Dataset entries:
════════════════

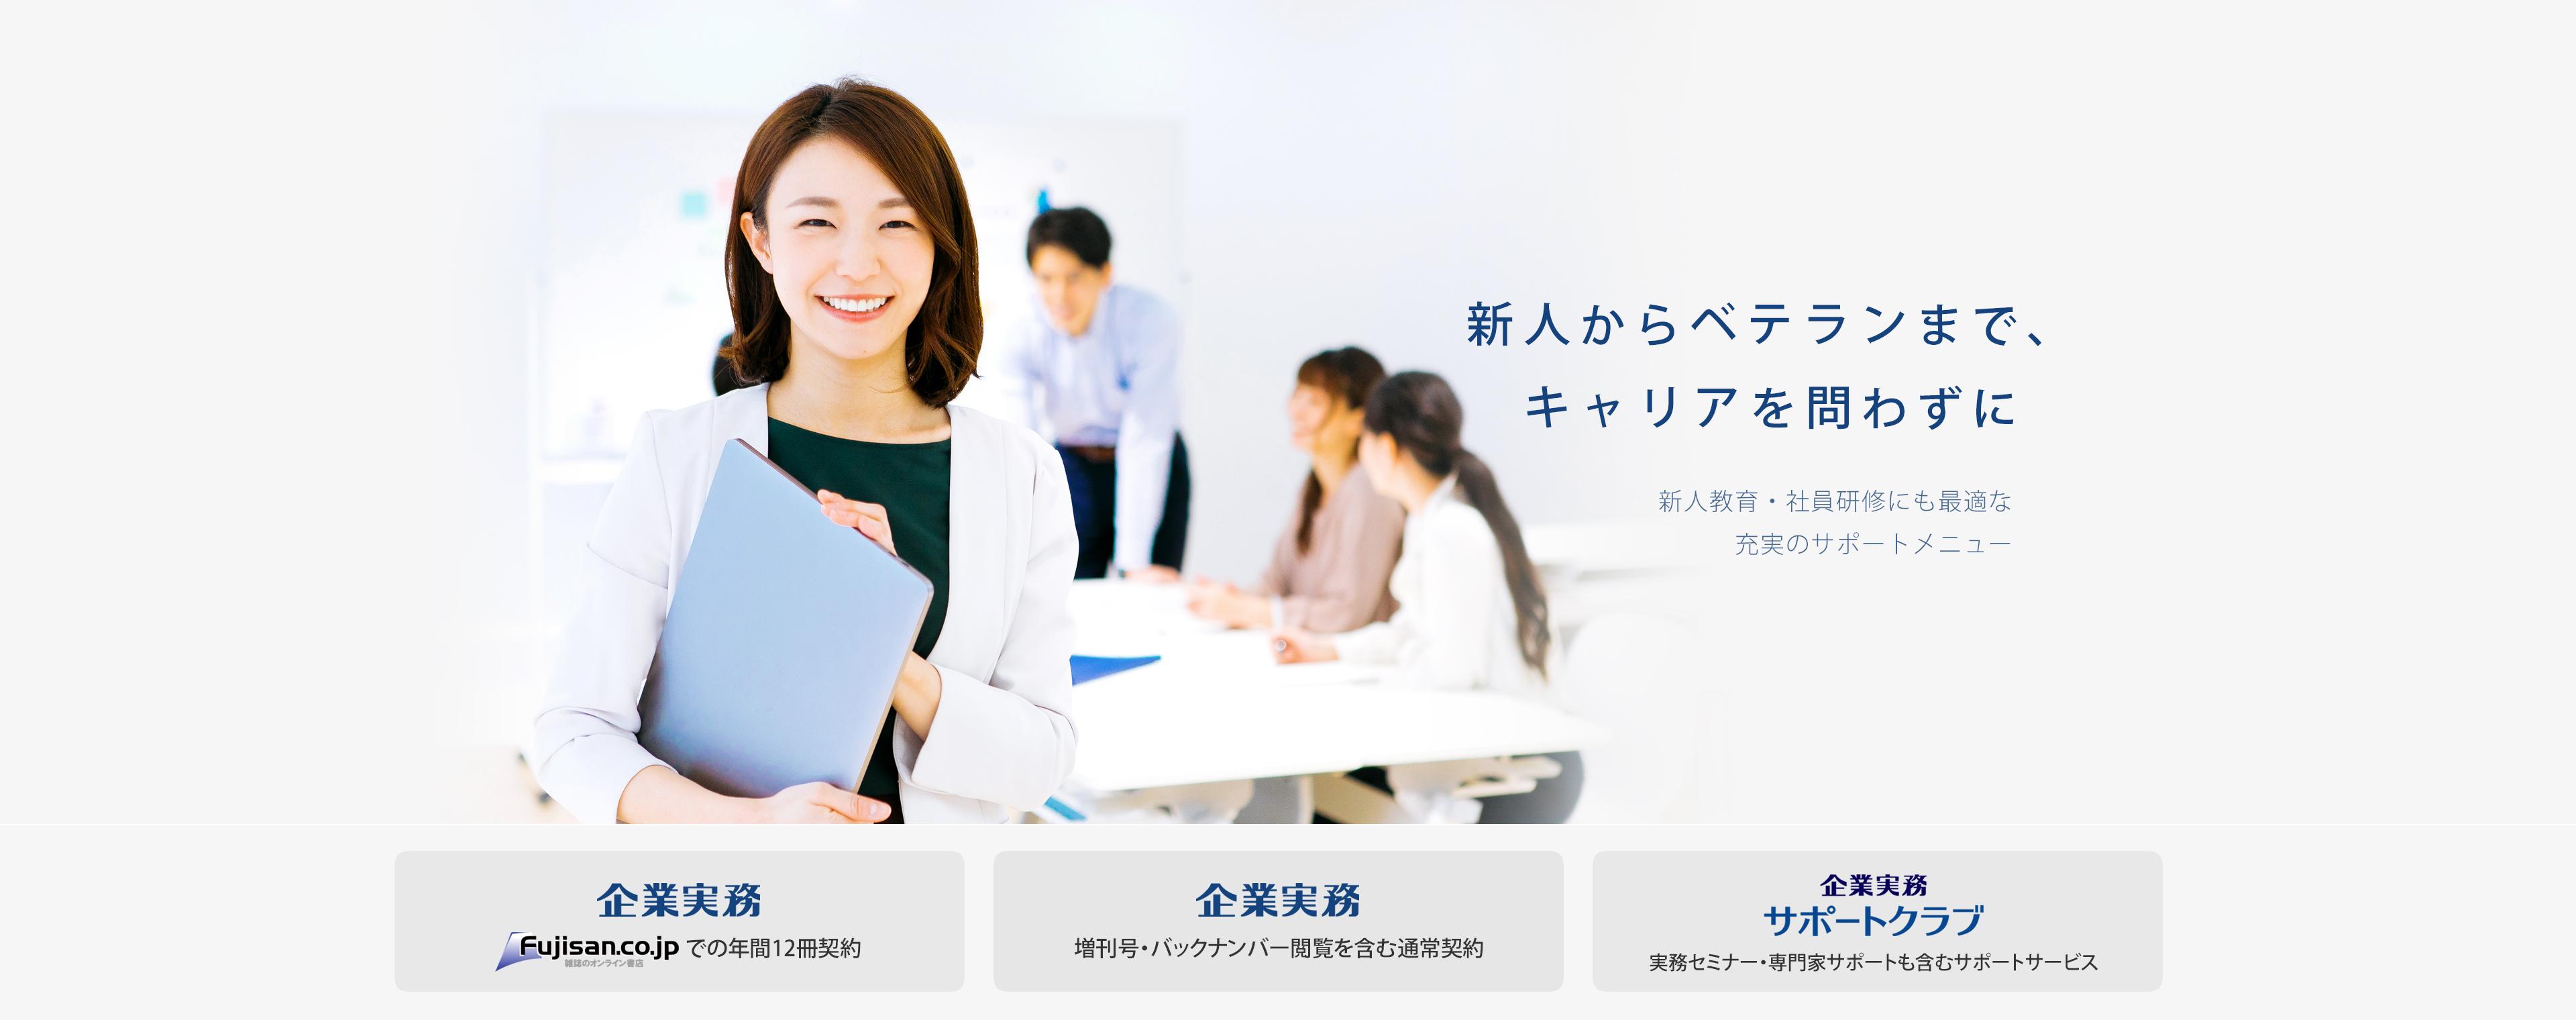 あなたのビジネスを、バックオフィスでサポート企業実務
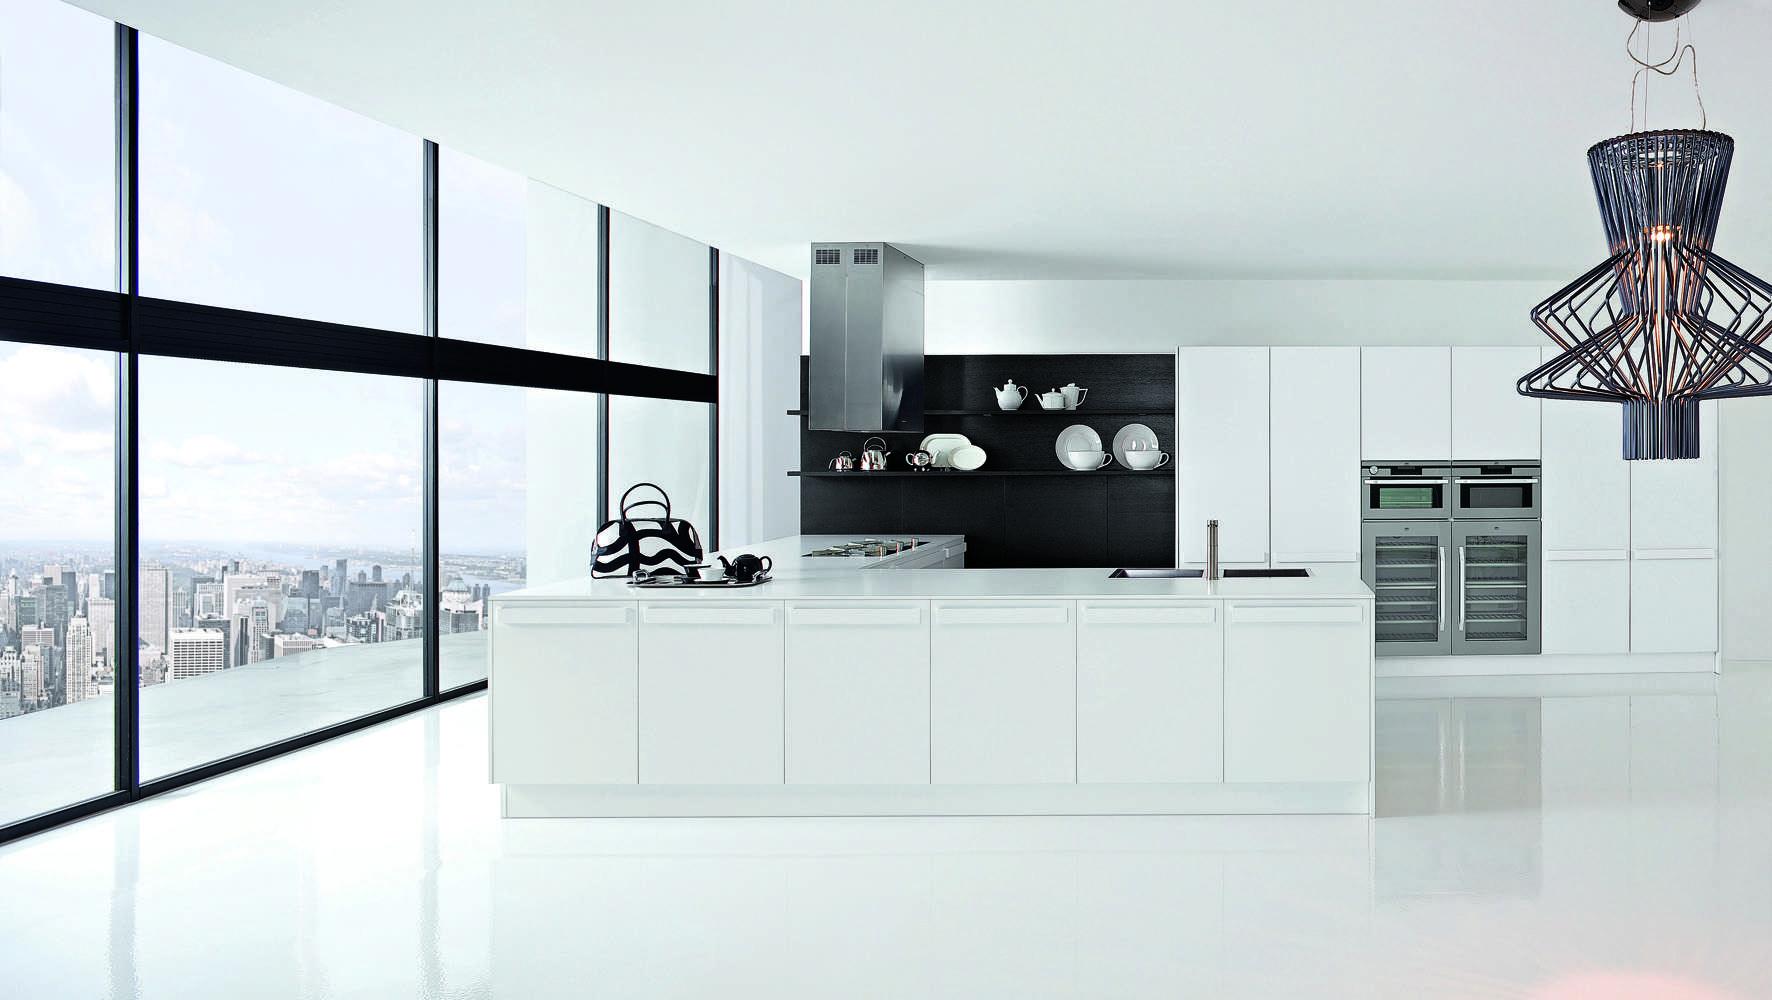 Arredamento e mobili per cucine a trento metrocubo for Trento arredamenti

════════════════

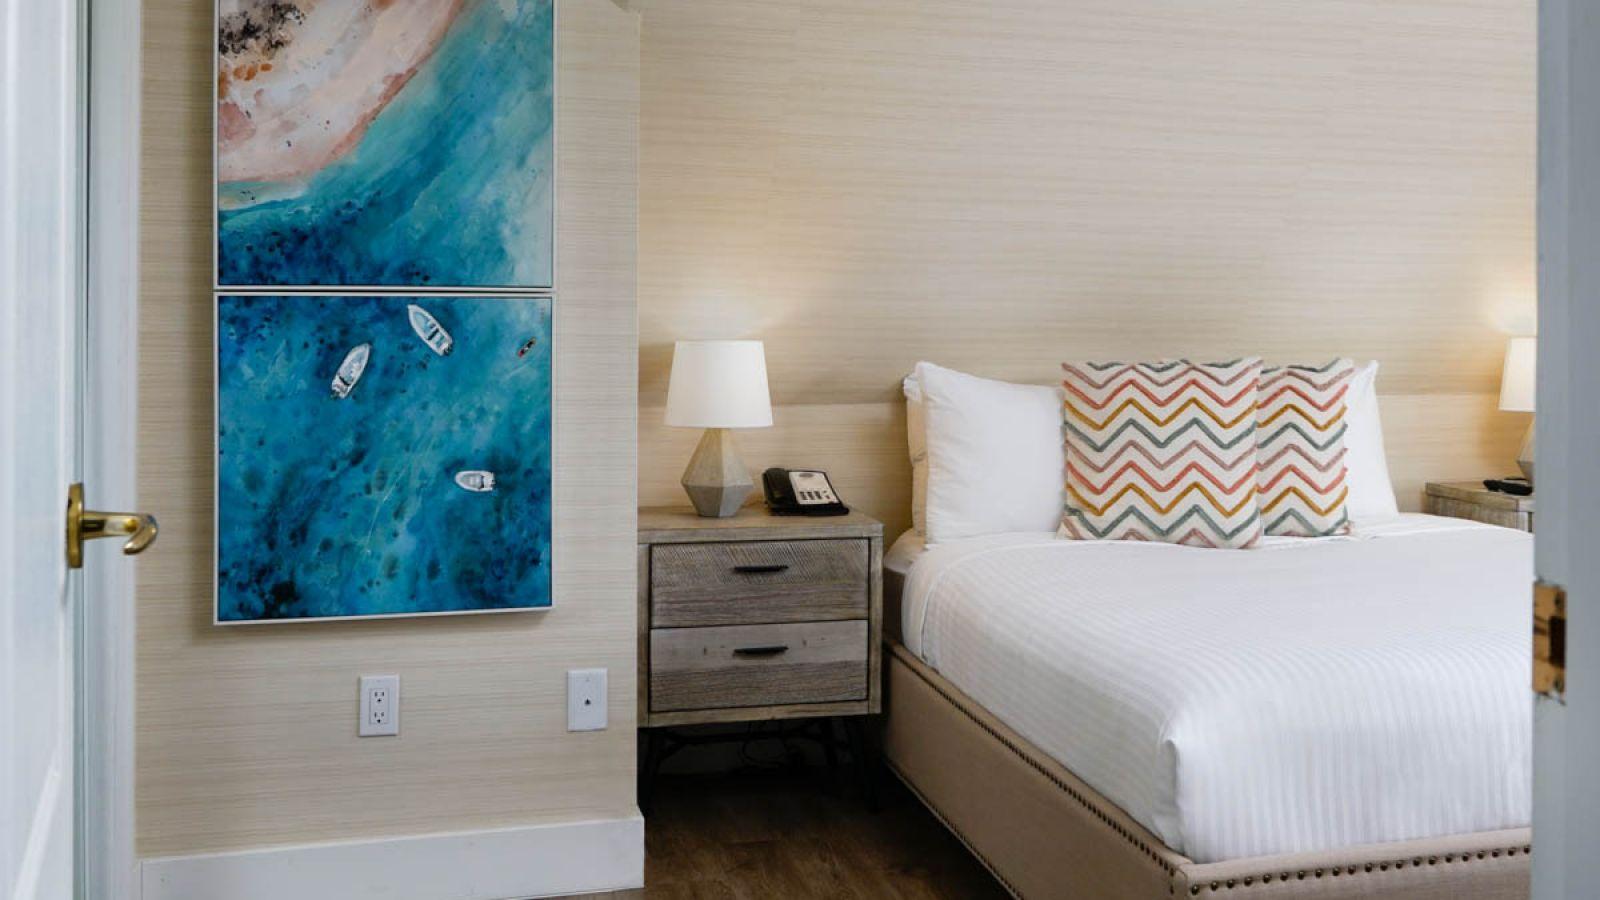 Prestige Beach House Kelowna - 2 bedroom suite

════════════════

What the task requires: Return word for word the lines of the listing above, starting at the line with "あなたのビジネスを、バックオフィスでサポート企業実務" and ending at the line with "Arredamento e mobili", both included. Pictures do not belong in the copy.

Task response:
 あなたのビジネスを、バックオフィスでサポート企業実務
 Arredamento e mobili per cucine a trento metrocubo for Trento arredamenti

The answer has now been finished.